YOUR INSTRUCTIONS →
Your copy of the data should match it exactly, except that the pictures are gone.

RECORDS FOR THIS EXERCISE →
BEGIN
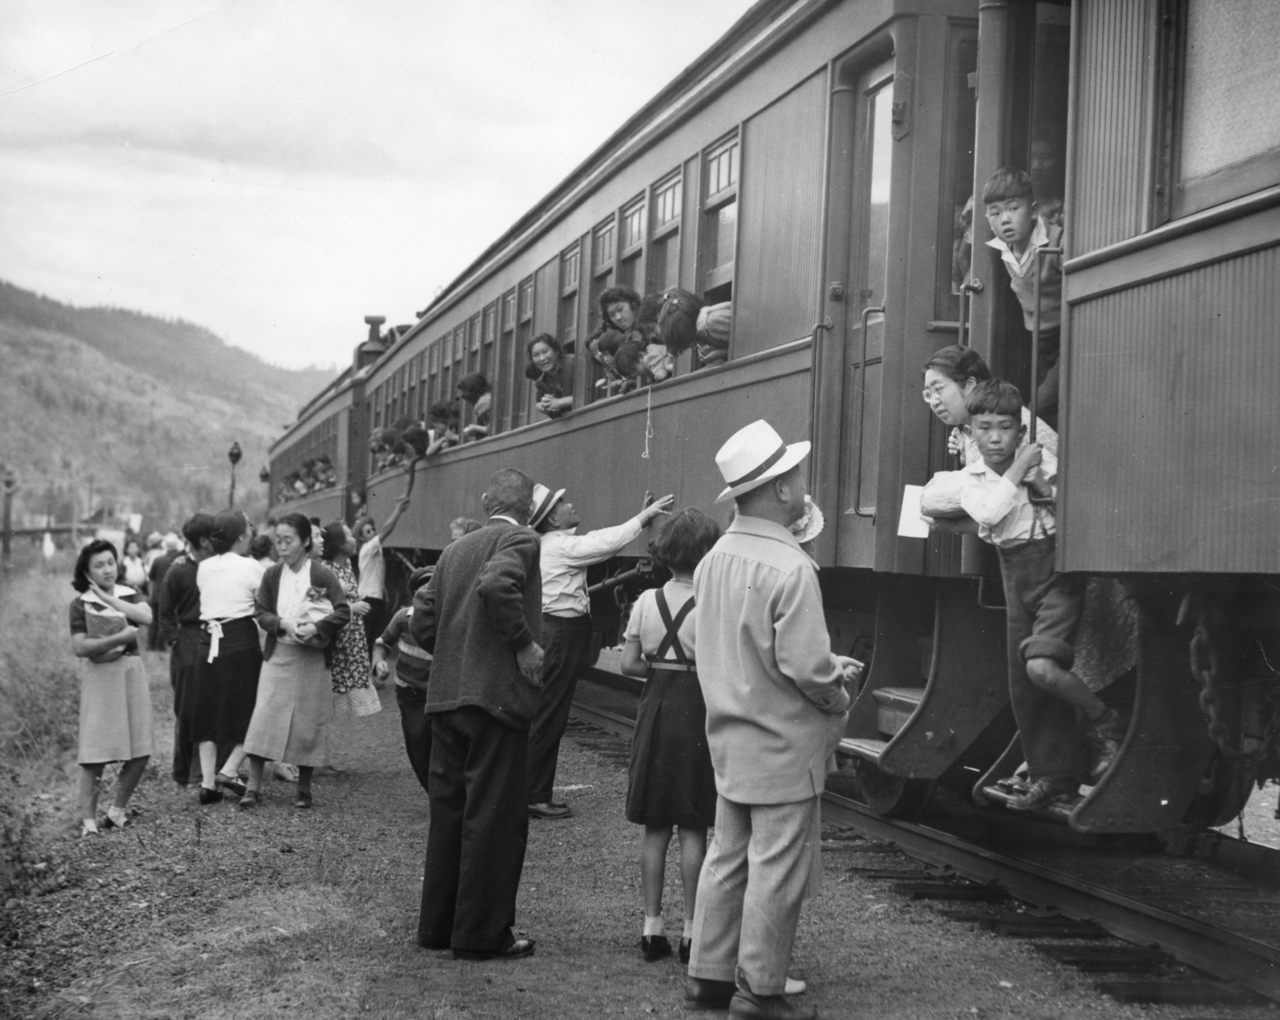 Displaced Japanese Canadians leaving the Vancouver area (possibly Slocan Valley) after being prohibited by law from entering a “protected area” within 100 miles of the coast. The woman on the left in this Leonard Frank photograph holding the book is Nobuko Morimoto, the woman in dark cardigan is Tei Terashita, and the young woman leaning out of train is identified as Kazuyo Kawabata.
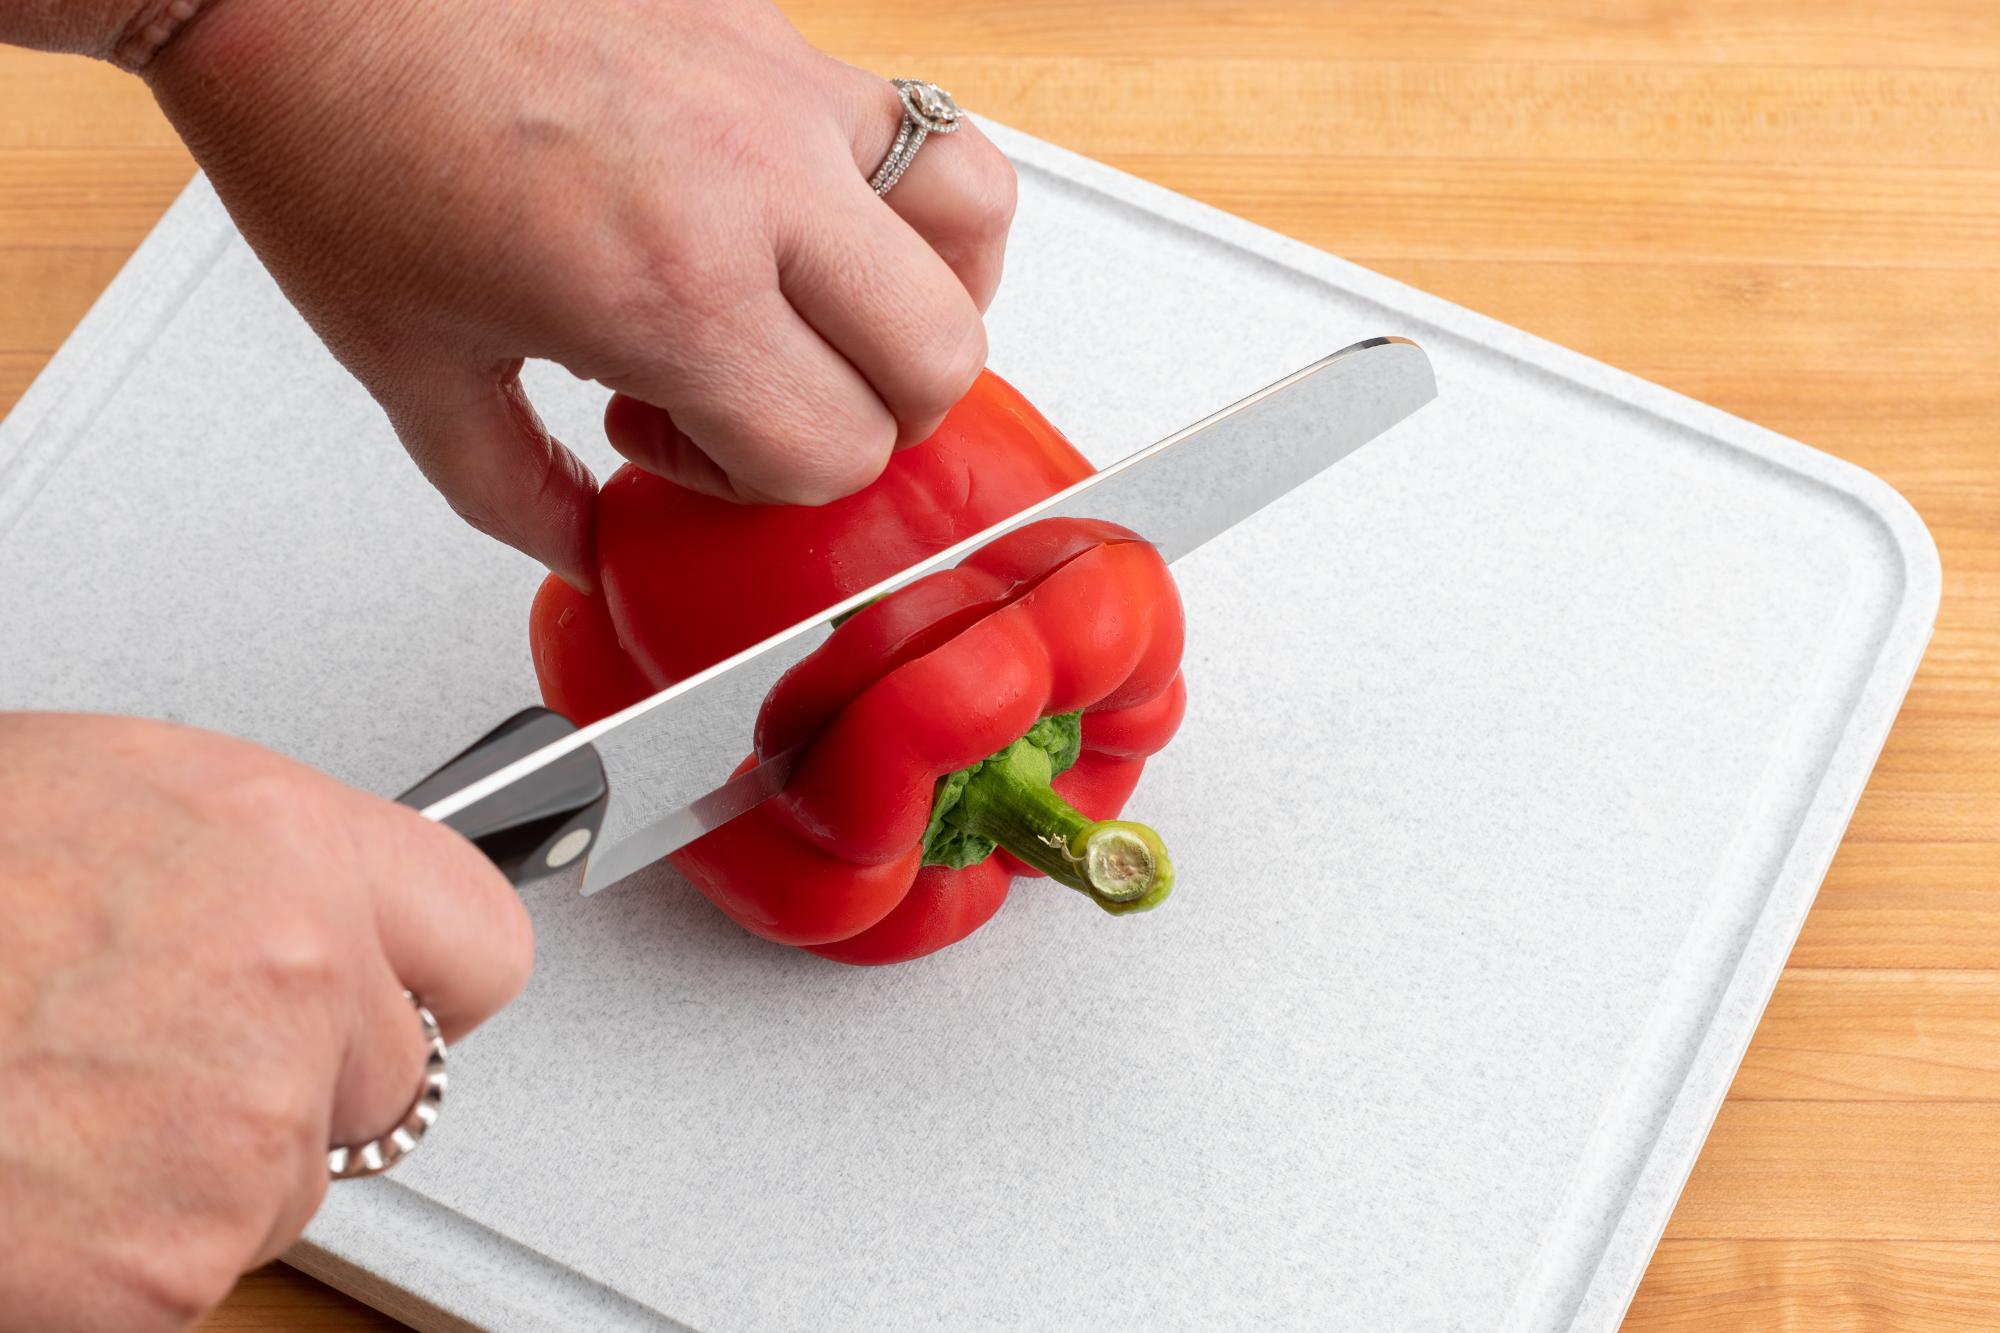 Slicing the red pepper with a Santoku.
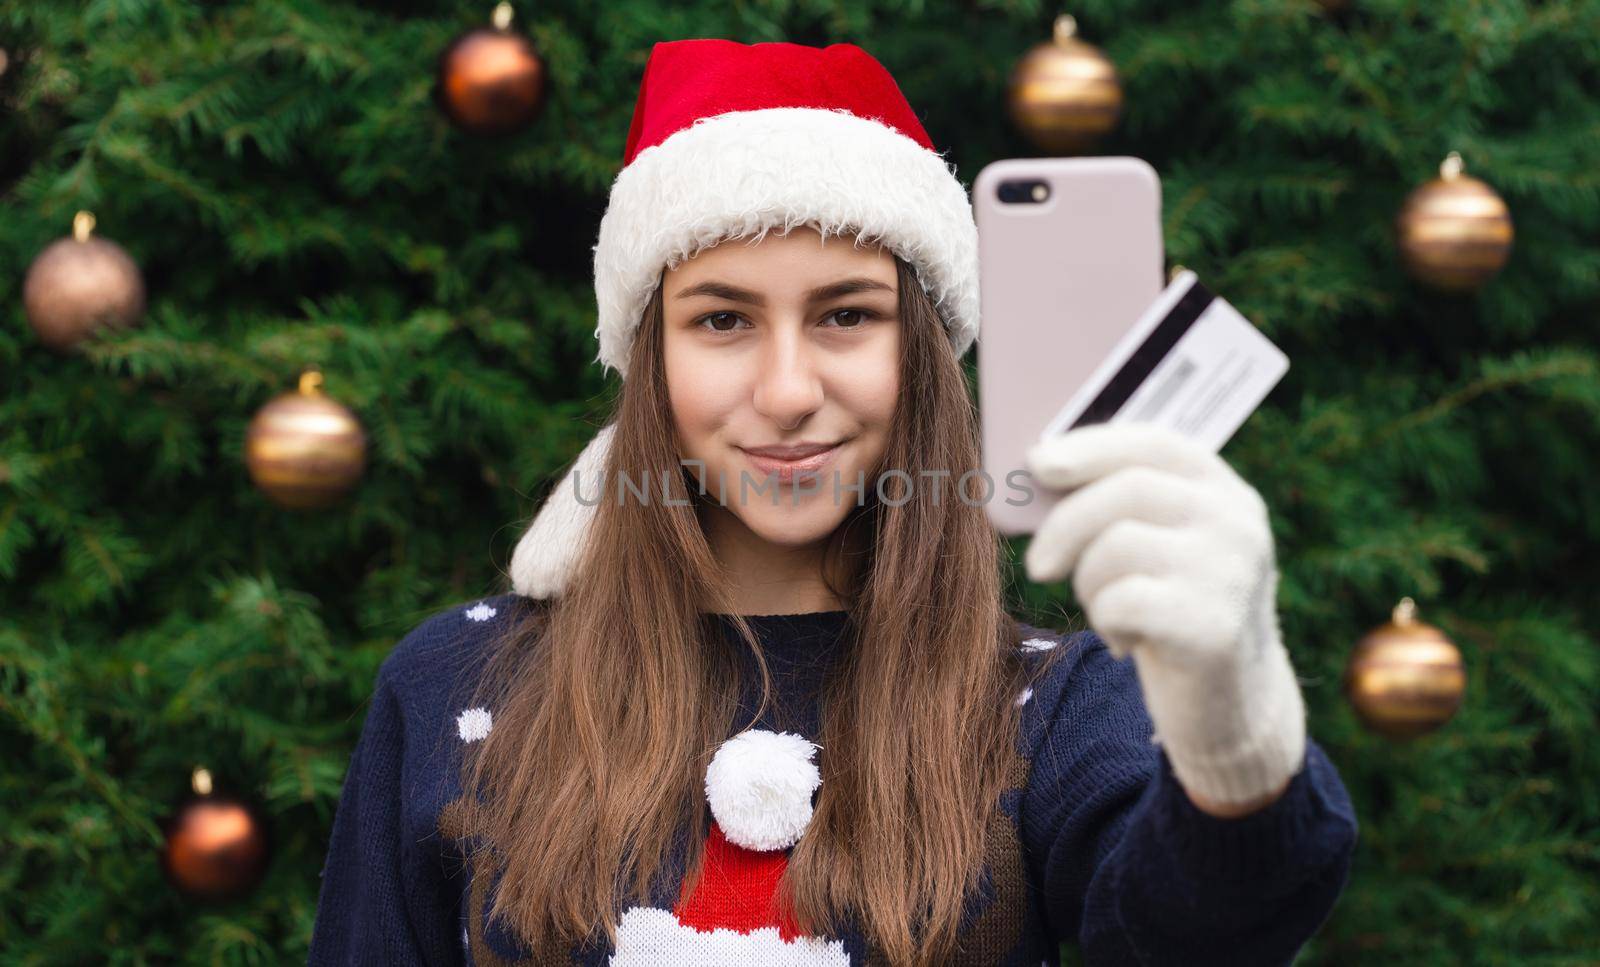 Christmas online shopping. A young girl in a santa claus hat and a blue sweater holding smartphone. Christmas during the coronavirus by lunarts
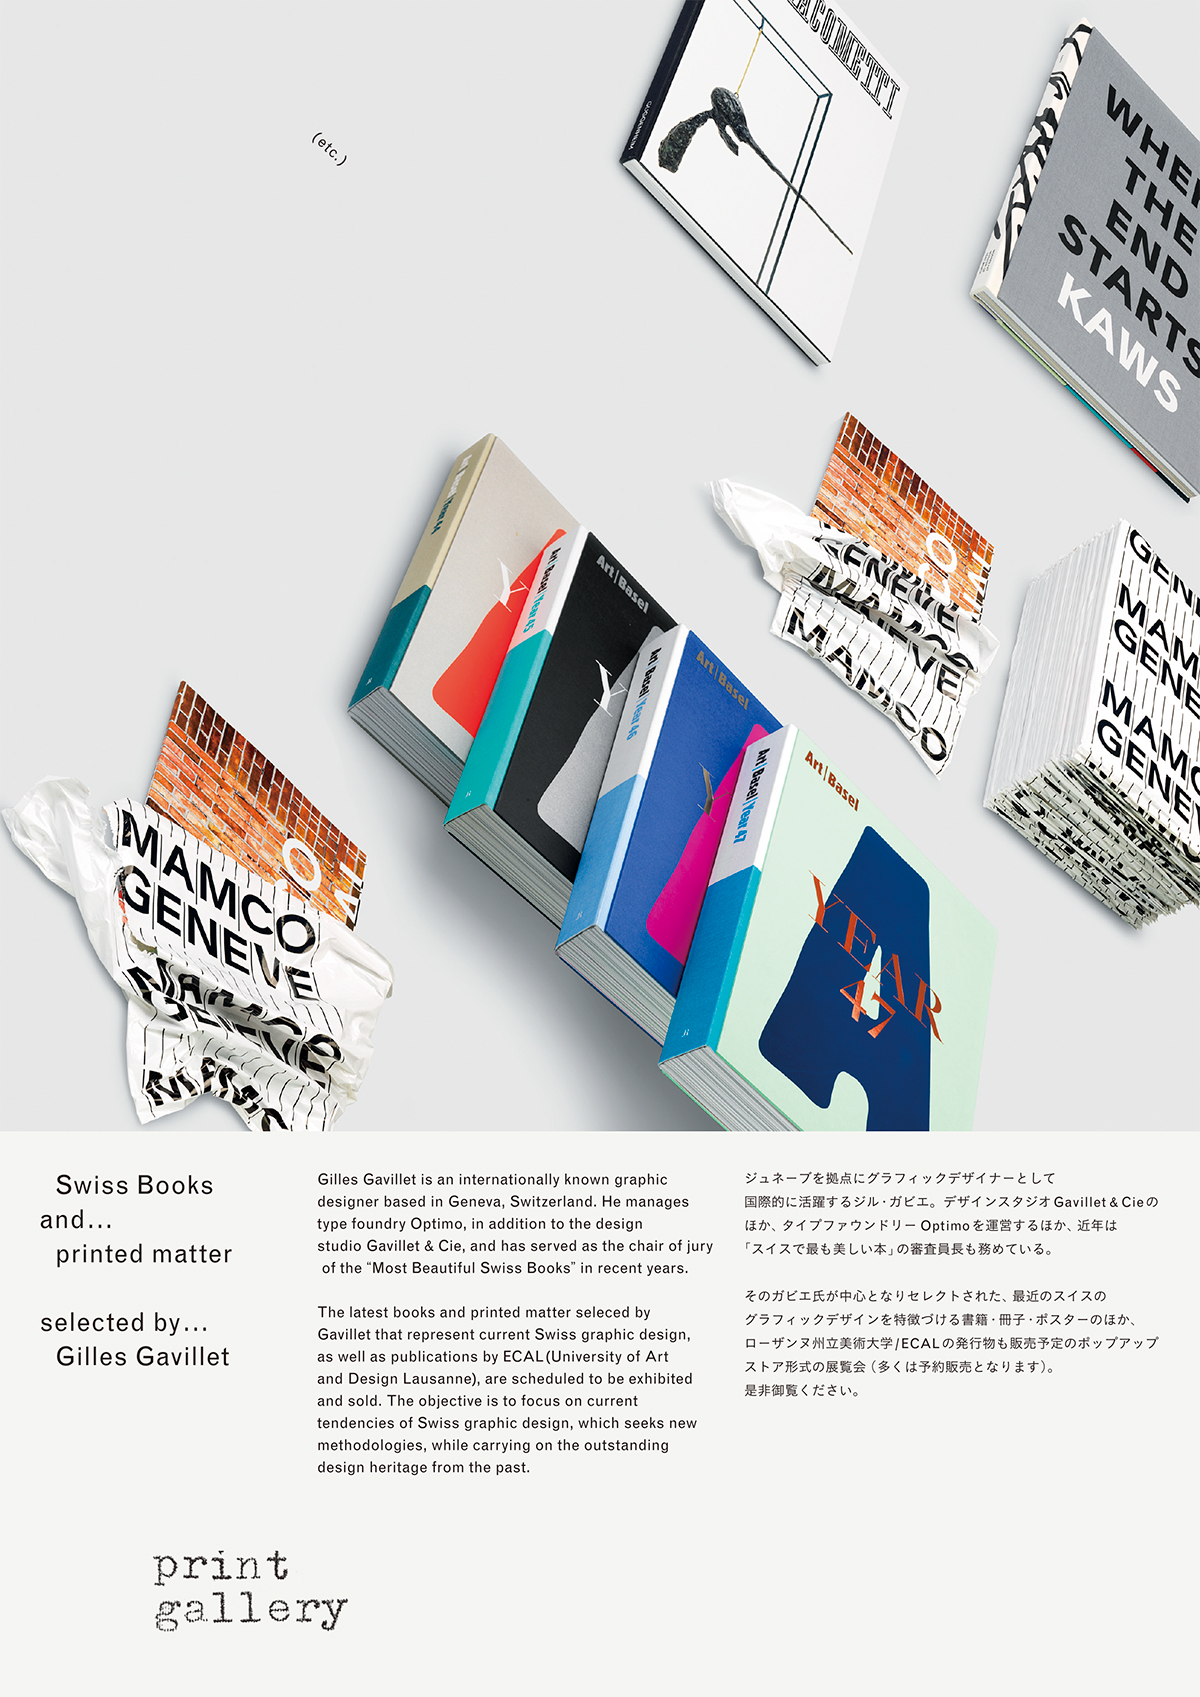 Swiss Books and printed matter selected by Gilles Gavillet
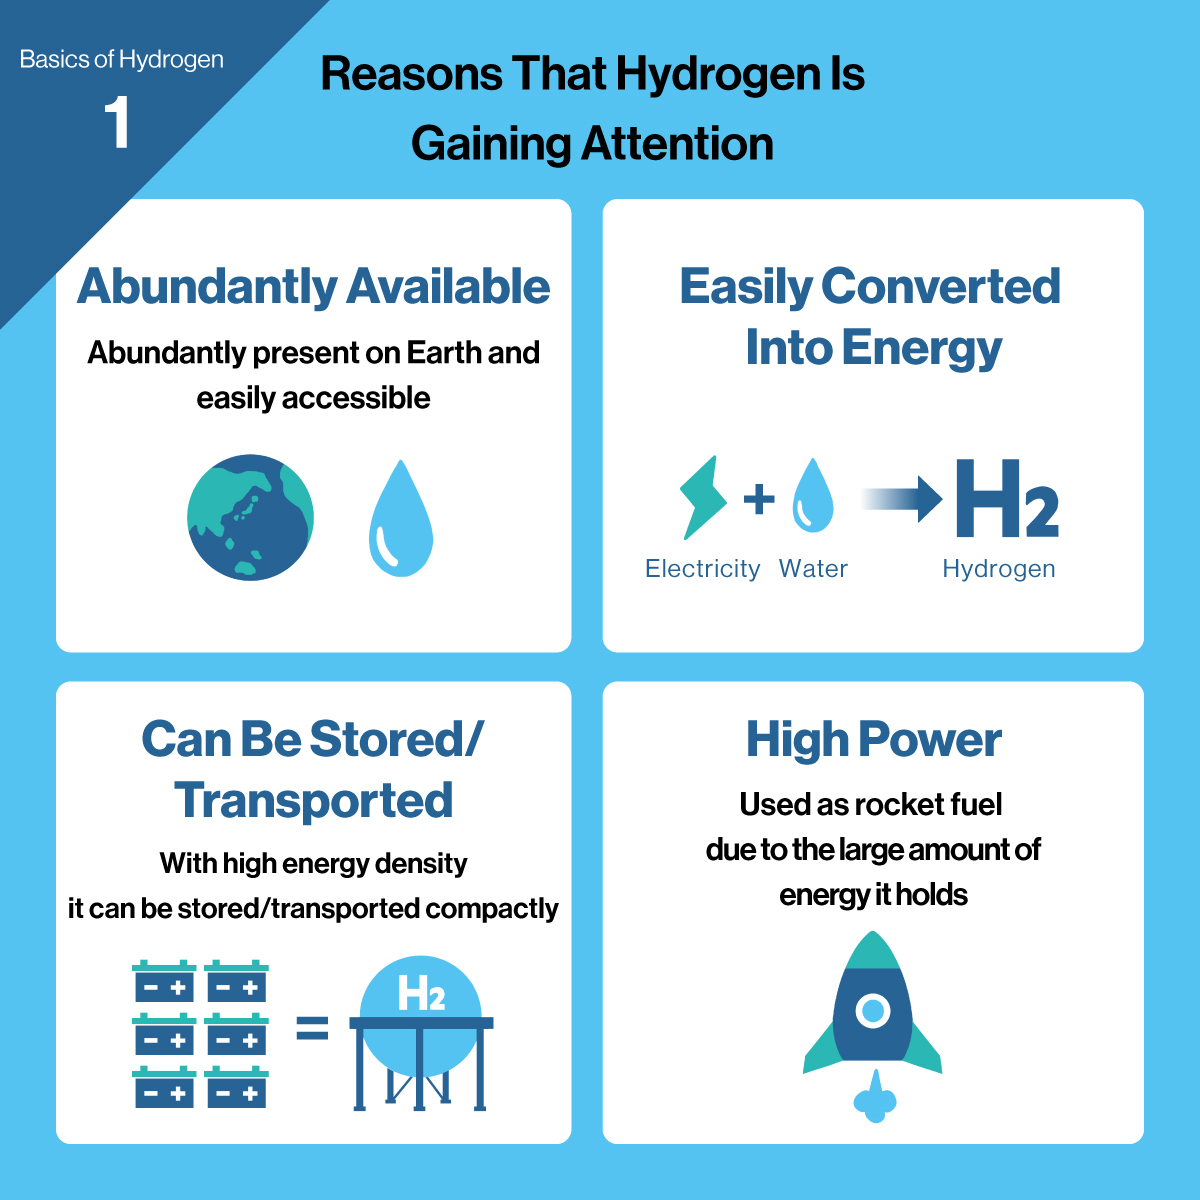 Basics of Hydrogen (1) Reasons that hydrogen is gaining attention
END
RESPONSE →
 Displaced Japanese Canadians leaving the Vancouver area (possibly Slocan Valley) after being prohibited by law from entering a “protected area” within 100 miles of the coast. The woman on the left in this Leonard Frank photograph holding the book is Nobuko Morimoto, the woman in dark cardigan is Tei Terashita, and the young woman leaning out of train is identified as Kazuyo Kawabata.
 Slicing the red pepper with a Santoku.
 Christmas online shopping. A young girl in a santa claus hat and a blue sweater holding smartphone. Christmas during the coronavirus by lunarts
 Swiss Books and printed matter selected by Gilles Gavillet
 Basics of Hydrogen (1) Reasons that hydrogen is gaining attention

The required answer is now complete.